As set out in the introductory chapter, I selected three stations for in-depth research not only based on my operational definition of community radio, but also based on broadcast language that I could access without needing substantial translation, social context of the stations to account for diversity, and how long each station had been in existence, such that it had a stable operational structure. Additionally, at the beginning of the research, three stations represented approximately a quarter of the Kenyan community radio sector. In this chapter I discuss my methodological process and choices as the research evolved, starting from the pilot study to the main fieldwork and confirmatory fieldwork. I outline my rationale for selecting the three stations, and then proceed to a discussion of the design and execution of the quantitative methodology. This is followed by details of the qualitative methodology. The methods used are laid out per research objective.

A combination of both quantitative and qualitative methodology was used. For the qualitative section, I took a multi-site case study approach, selecting three specific radio stations to study in-depth, rather than making a general survey of all community radio stations in Kenya but not going in-depth into the relationships and factors at work in the life of the station. A case study is “a research approach that is used to generate an in-depth, multi-faceted understanding of a complex issue in its real-life context” (Crowe et al. 2011). In view of the fact that I was examining not only radio stations but also the communities around them, I found the case study approach appropriate because of the possibilities it offers to go in depth into specific cases. It also allows for a variety of data collection methods, as outlined by Jensen and Rosengren (2008):

Case studies of the cultural and communicative practices of specific communities represent an opportunity to examine in detail the kinds of micro and macro social contexts in which most media use takes place. Case studies also lend themselves specifically to the combination of several modes of empirical analysis. They thus offer excellent opportunities to complement the limitations naturally inherent in each and every single research tradition. (Jensen and Rosengren 2008, 346)

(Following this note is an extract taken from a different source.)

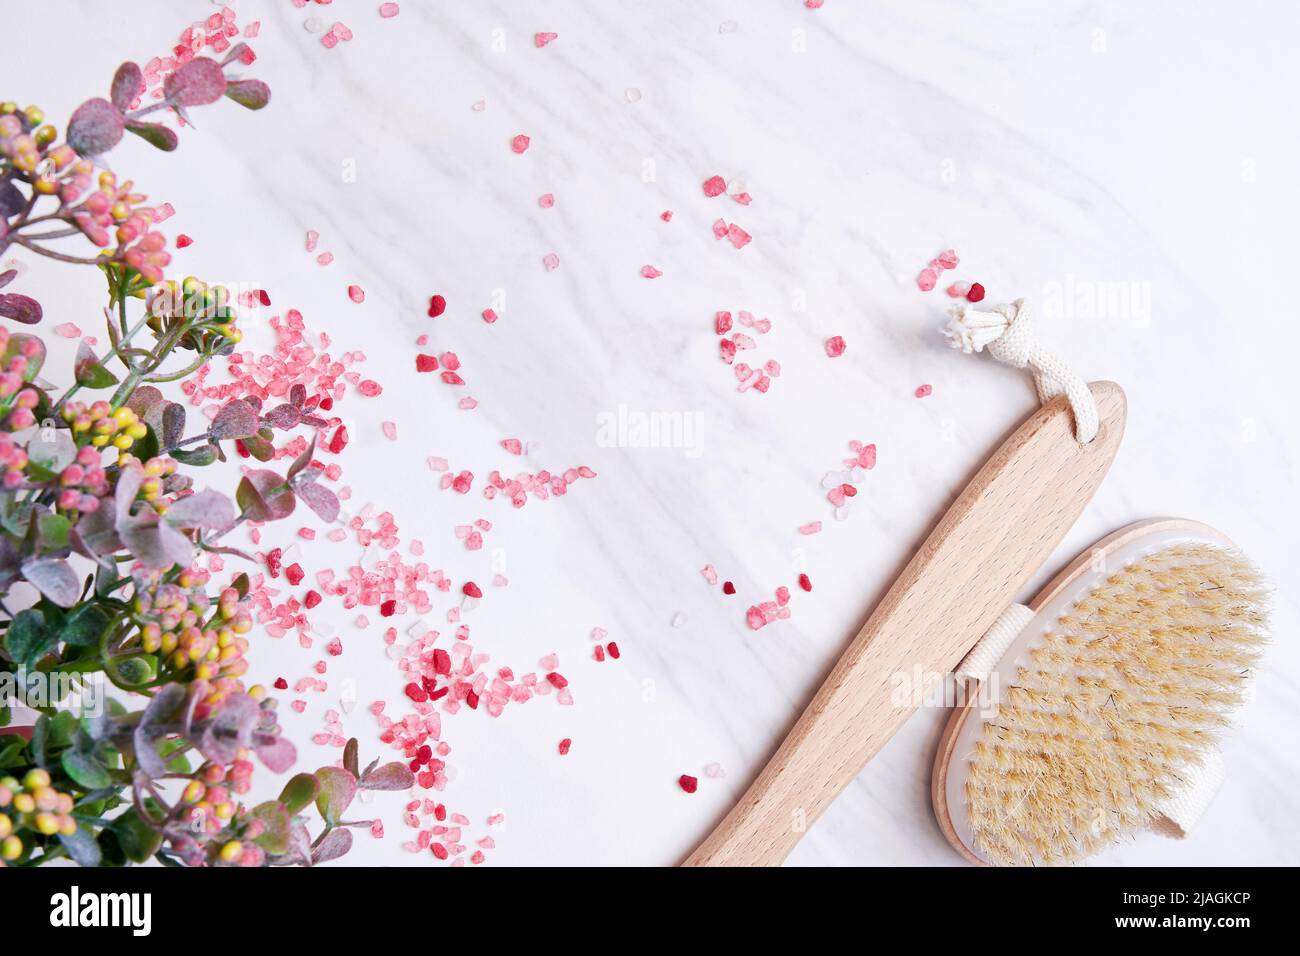 Wooden scrub brush, scented sea salt, flowers and herbs on the marble table. Spa salon backgrounds and concepts Stock Photo

In addition, a key advantage of a multi-site case study is that the validity of case study data can be checked by comparing one data source to another on the same phenomena (G. R. Taylor 2000). For each station, I examined staff work patterns, content and community interactions.

To gather this data, ethnographic methods consisting of in-depth interviews, group interviews, observation, and textual review were employed.

To complement the qualitative data, I employed quantitative methodology in the form of three audience surveys, one at each station. The surveys were designed to get a picture of listenership patterns in the communities in which the three stations are located, in terms of demographics, listening times and preferred content. Statistics are useful for description, generalization, and measurement of relationships since they “describe information when we wish to portray a large body of data in terms of its essential inherent characteristics” (G. R. Taylor 2000, 6). They help to order large groups of information and are useful in generalizing knowledge about a large population based on limited observations of a portion of it. The above mixed methods approach allowed for the triangulation of quantitative and qualitative data, adding to the richness of information gathered.